*** Opening DATA LISTING ***

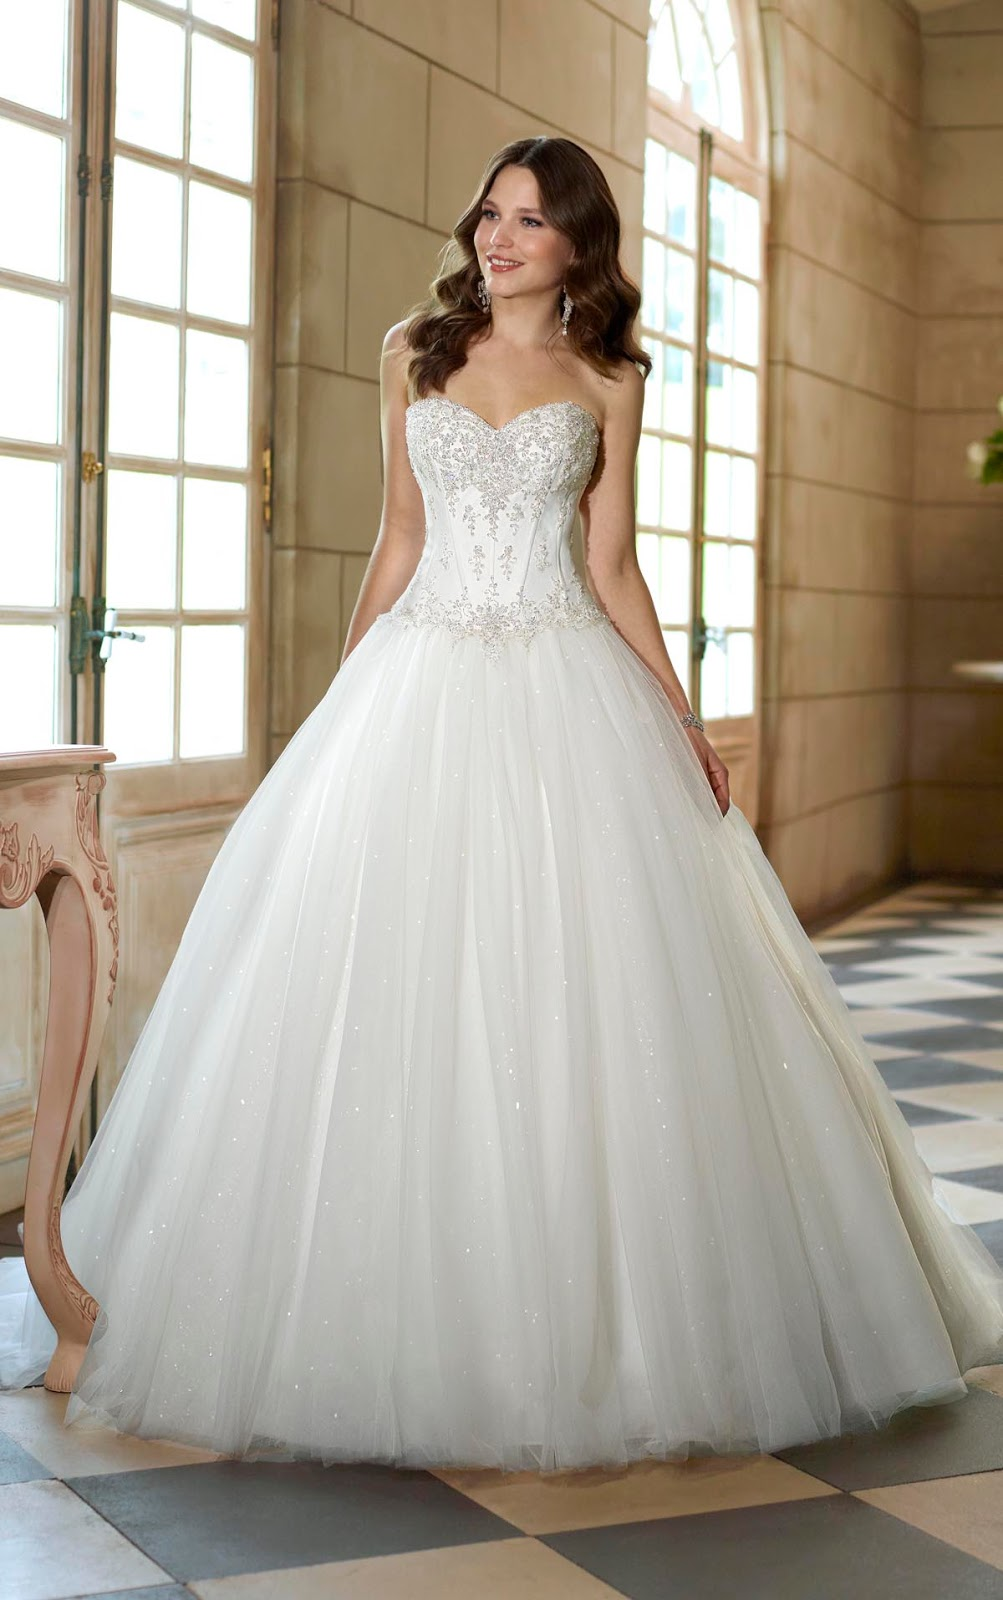 Wearing White To A Wedding.2015 Autumn And Winter White Beautiful Wedding Dress
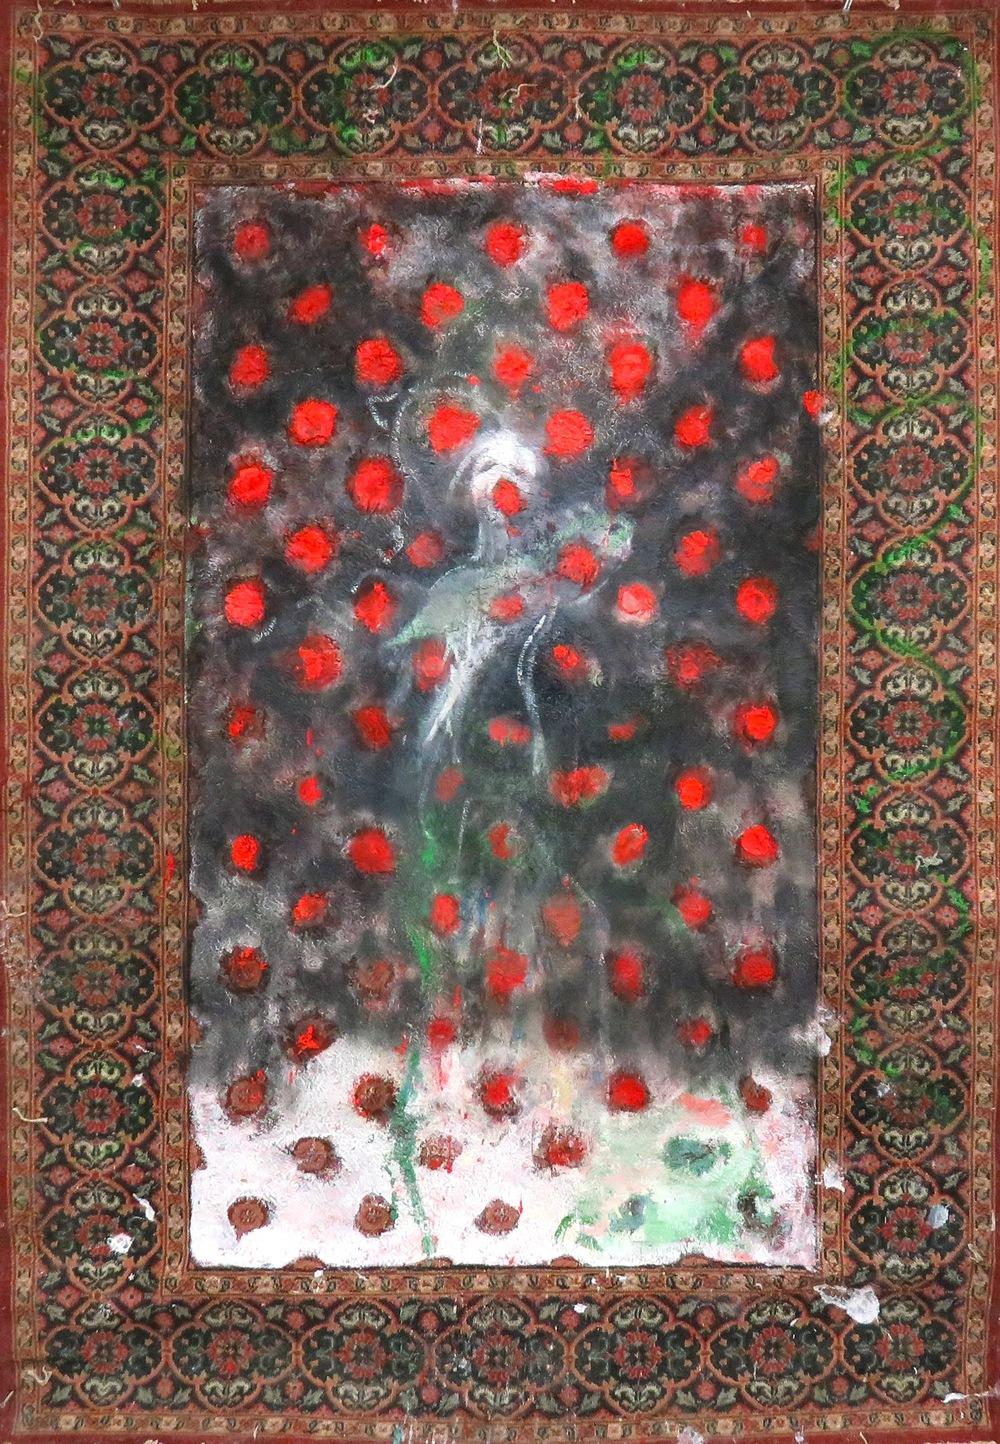 Carpet (a woman is not a savior)
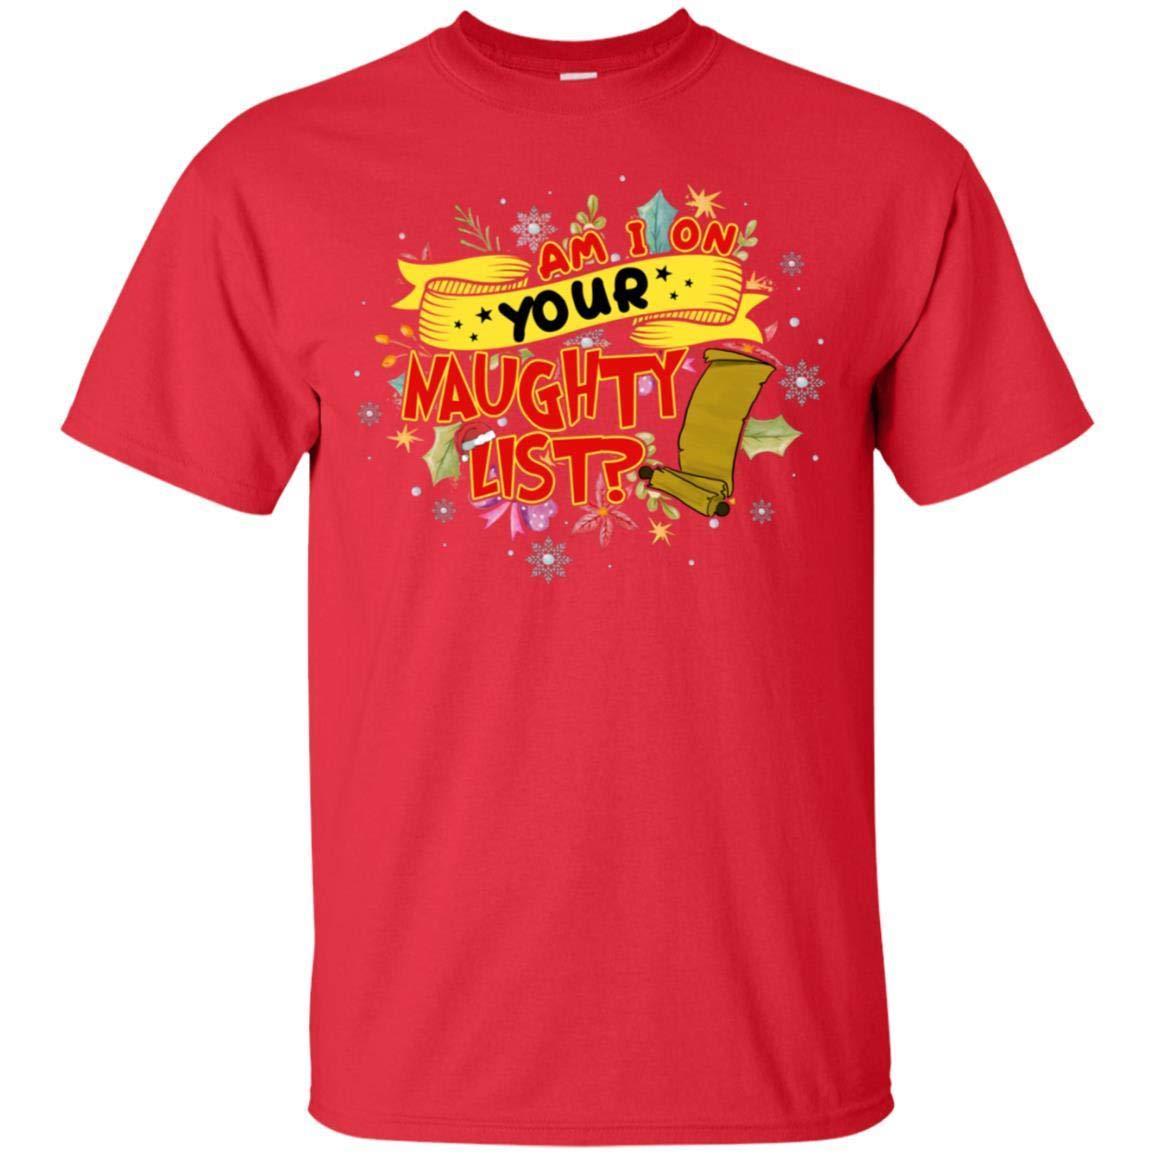 Teelesto Am I On Your Naughty List Funny X-mas Gift 2018 Shirt
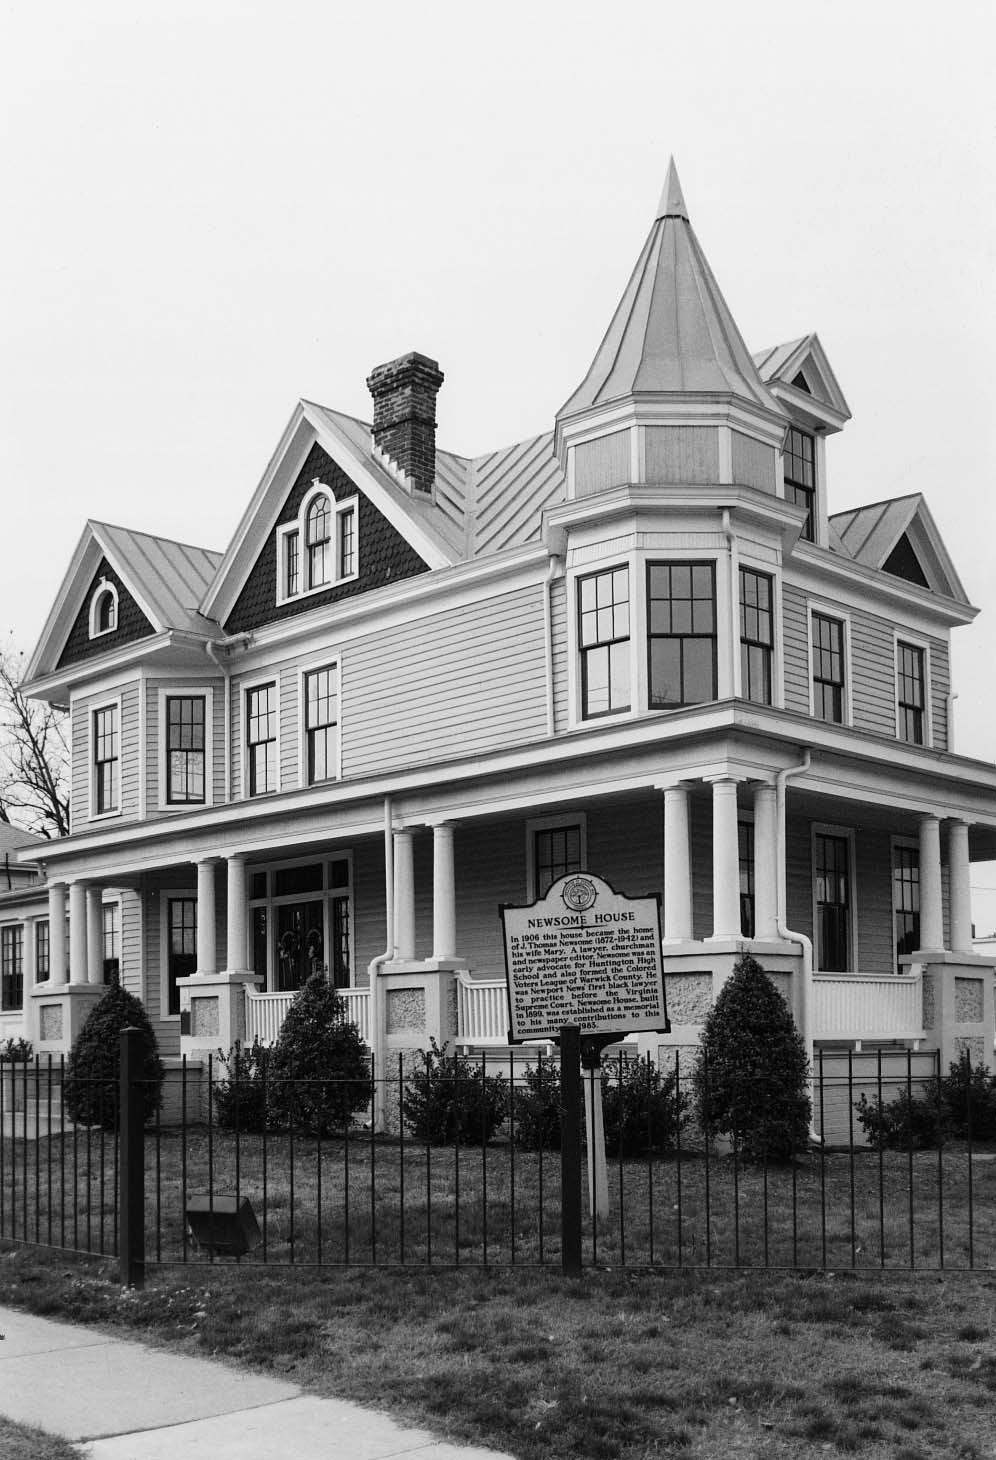 J. Thomas Newsome House
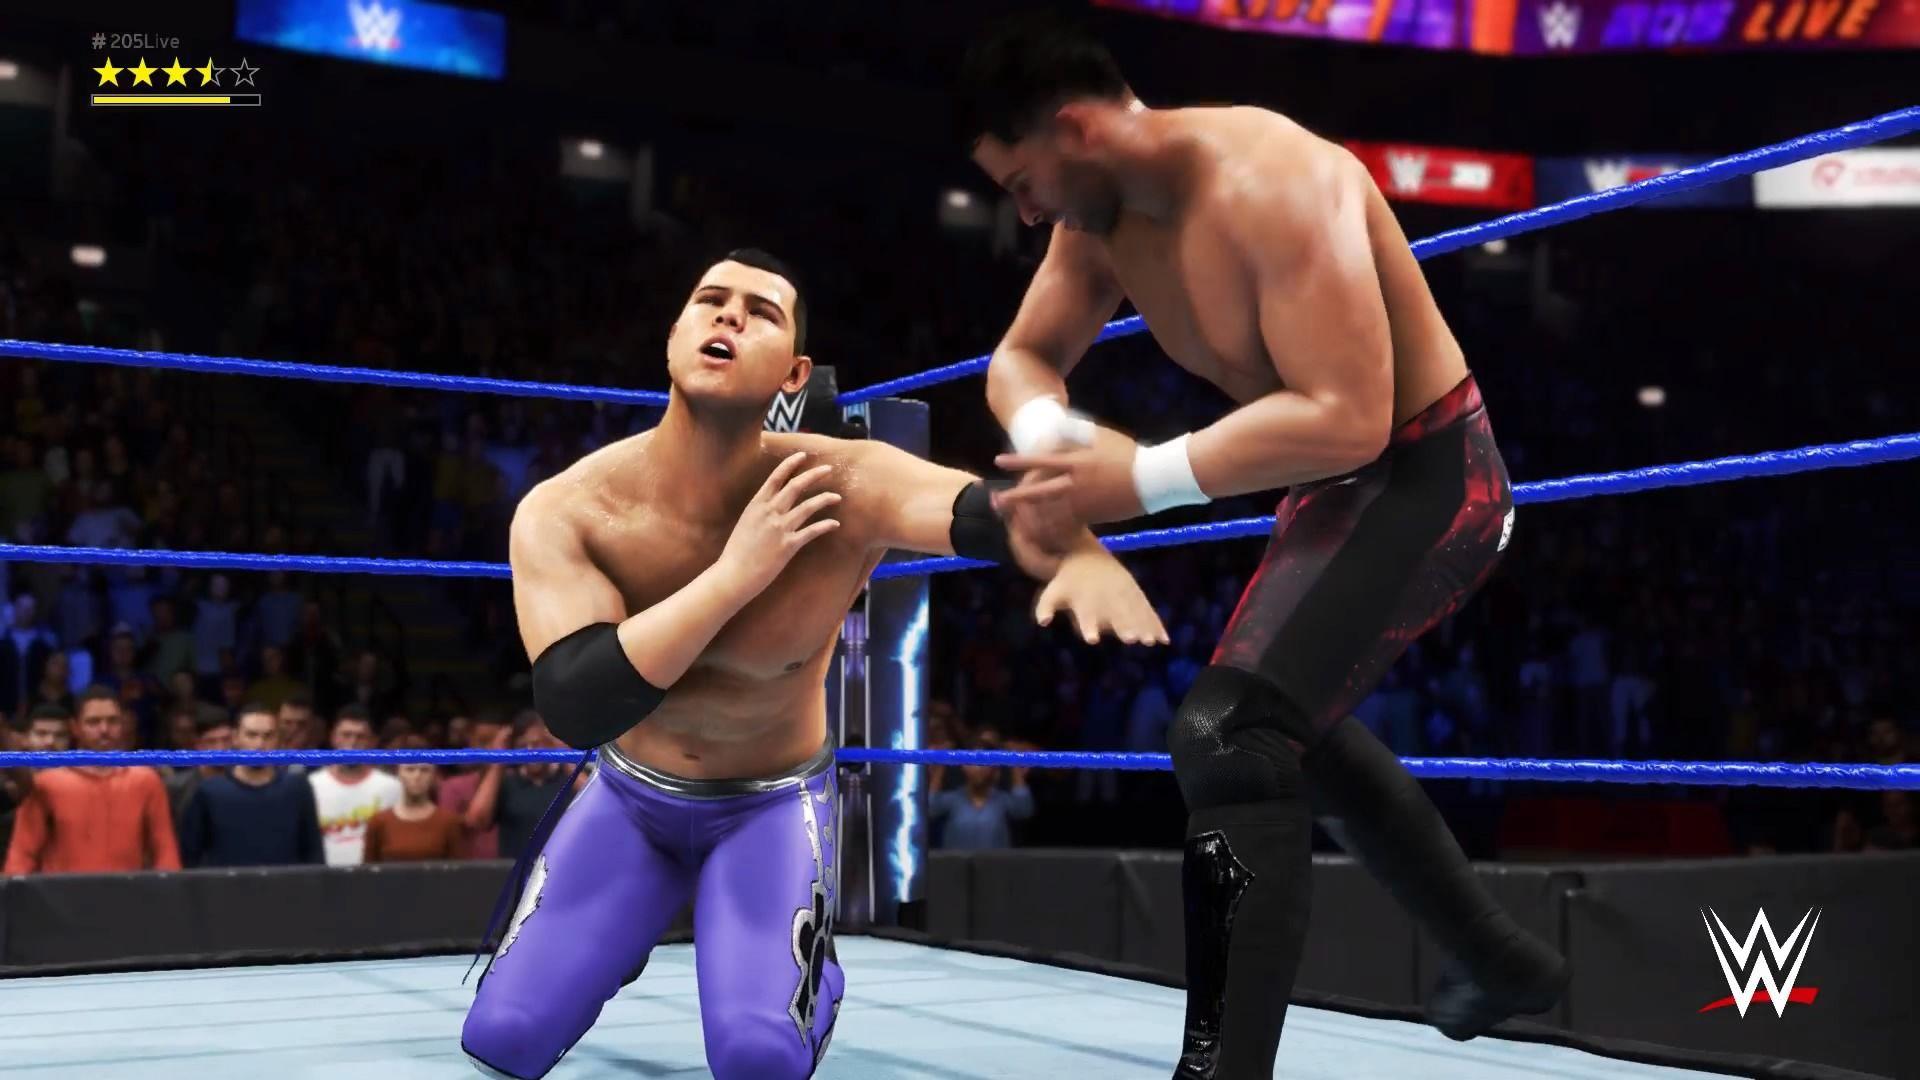 WWE 2K20 Superstar Noam Dar vs Humberto Carrillo Fight in

*** Closing DATA LISTING ***

= TASK STATEMENT =
Repeat the entries exactly, without pictures.

= EXERCISE SOLUTION =
 Wearing White To A Wedding.2015 Autumn And Winter White Beautiful Wedding Dress
 Carpet (a woman is not a savior)
 Teelesto Am I On Your Naughty List Funny X-mas Gift 2018 Shirt
 J. Thomas Newsome House
 WWE 2K20 Superstar Noam Dar vs Humberto Carrillo Fight in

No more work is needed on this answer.